Examine your data at multiple levels. Some of the issues with the AHLG only became apparent when I aggregated the data up to examine broad population trends over time or looked carefully at specific localities that looked suspicious. Did Mexico City really quadruple in size between 1960 and 1980? No. Did Tijuana more than double its population between 1950 and 1960? Actually…yes. Mapping the data also helped to highlight big discrepancies in specific states, especially with the 1900 census. These problems were a lot harder to spot in my initial municipal-level analysis.
We should find better ways of sharing information like this. One not-so-secret goal of this post is just to publicize the issues with this dataset so that other people in my field can know about them. Some of us have been aware of these problems for a while, but it is hard to find the right venue to disseminate this information. Idiosyncratic issues with a single dataset aren’t of general interest and consequently don’t end up in disciplinary journals. We understandably spend most of our time in specialized workshops discussing substantive work rather than “minor” details about data generation or processing. As I noted in my earlier post on the problematic 1921 census, the way this information tends to get passed along is by word of mouth through informal conversations with colleagues. This network-dependent process excludes a lot of people, and it leaves others confused about what the problems are given the absence of physical documentation. As a result, researchers may inadvertently continue to misunderstand or misuse the data, to all of our detriment.

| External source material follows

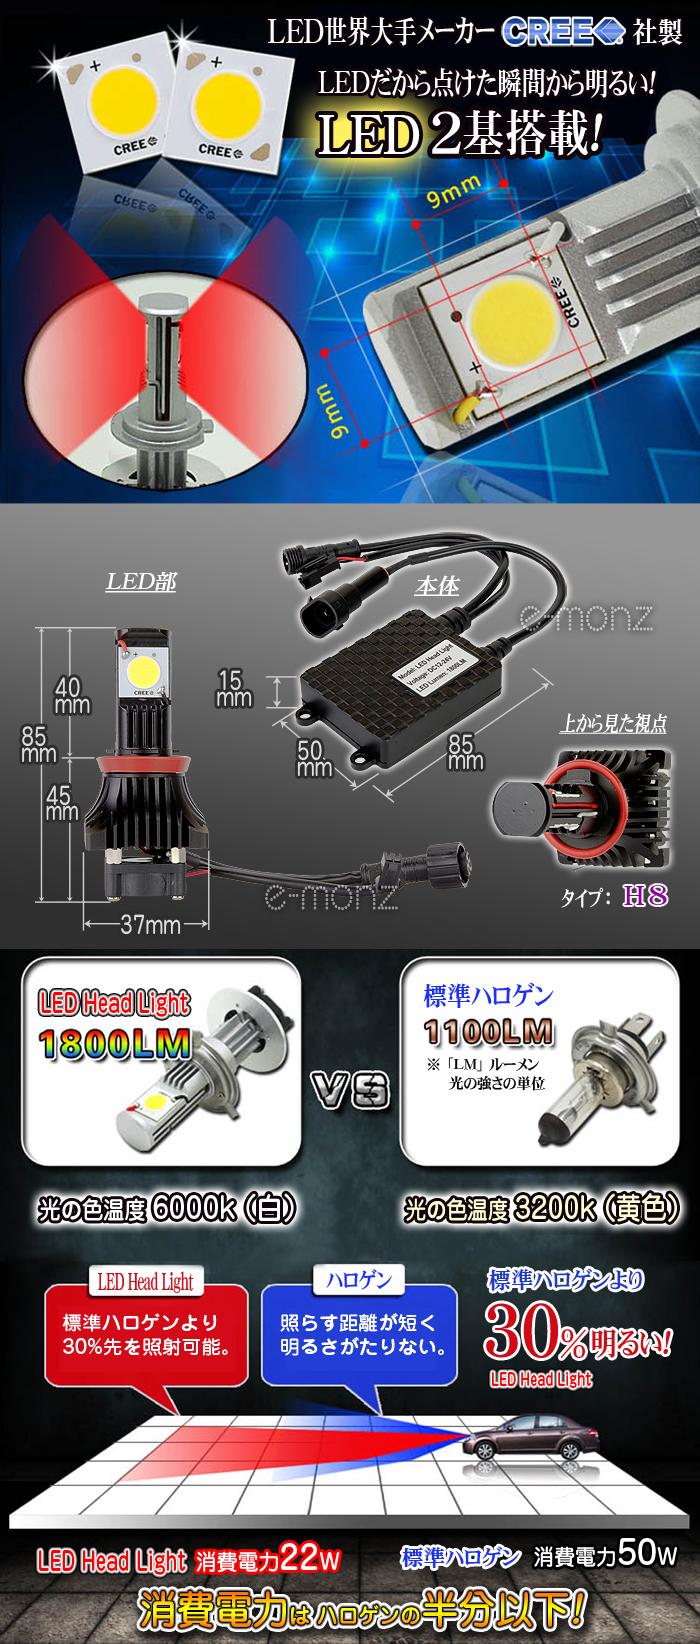 LEDヘッドライト用バルブ H8 CREE製チップ搭載で安心

This boring data work isn’t always valued, but it can be important. Scholars in our field place a premium on research that makes a theoretical or substantive contribution to a topic of general interest, and perhaps rightfully so. Without reliable data, however, it is hard to know whether to trust the substantive conclusions coming out of this work. Assessing idiosyncratic problems with a single dataset is about as far from a topic of general interest as one could get, but these boring errors can unfortunately make a real difference in our research. It might be especially important to look carefully at datasets like this one that are easy to access and look reliable but may have significant problems just below the surface.
 I am grateful to Luz Marina Arias, Alberto Diaz-Cayeros, Francisco Garfias, and especially Jennifer Alix-Garcia for earlier conversations on this topic.
 There are some slight discrepancies between these two sources, but these are extremely small relative to the large discrepancy with the AHLG.